Anyone know if this is still in business?  I heard a rumor that the milk plant next door was closing and thought it might affect them.

We LOVE getting the best milkshakes in the world there! 

Anyone been recently?


----------



## Gerie (Sep 25, 2010)

We were there about a month ago.  Shakes as wonderful as ever.  One of my friends who lives on island heard that the ladies who work there actually bought the stand from St.
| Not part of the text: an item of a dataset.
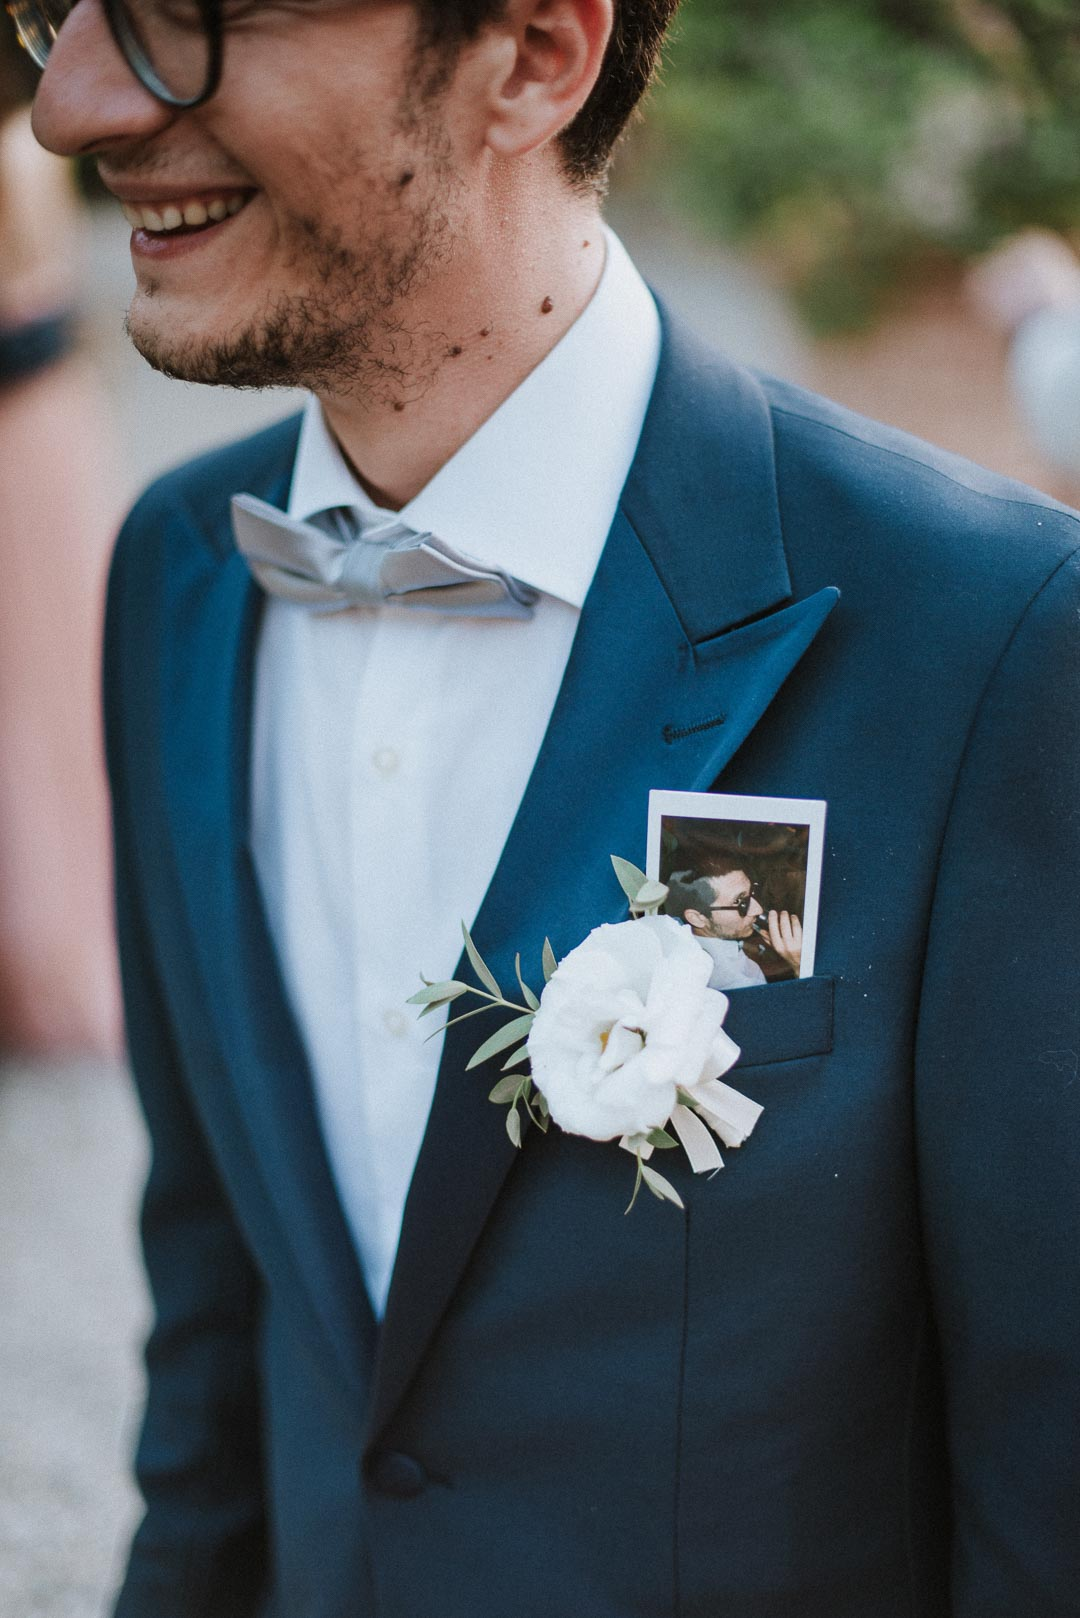 wedding-photographer-destination-fineart-bespoke-reportage-tuscany-villascorzi-vivianeizzo-spazio46-147

Thomas Dairy and will continue making those delicious frosty concoctions.  My favorite is a Jack and Jill with a banana in it.  Mmmmm.


----------



## Ted15 (Oct 8, 2010)

Numismatist said:


> Anyone know if this is still in business?  I heard a rumor that the milk plant next door was closing and thought it might affect them.
> 
> We LOVE getting the best milkshakes in the world there!
> 
> Anyone been recently?



Stopped twice the week of 18-25 Sept.  Great shakes, one of the highlights of the island.


----------



## riverdees05 (Oct 8, 2010)

What is the address for Udder Delight?


----------



## Ted15 (Oct 8, 2010)

riverdees05 said:


> What is the address for Udder Delight?



On the road out of Megans Bay, dairy is on your left at a big curve, you can't miss it.  Has a parking lot.  Have found that most roads on St. Thomas are not named, you can always ask a local for directions.


----------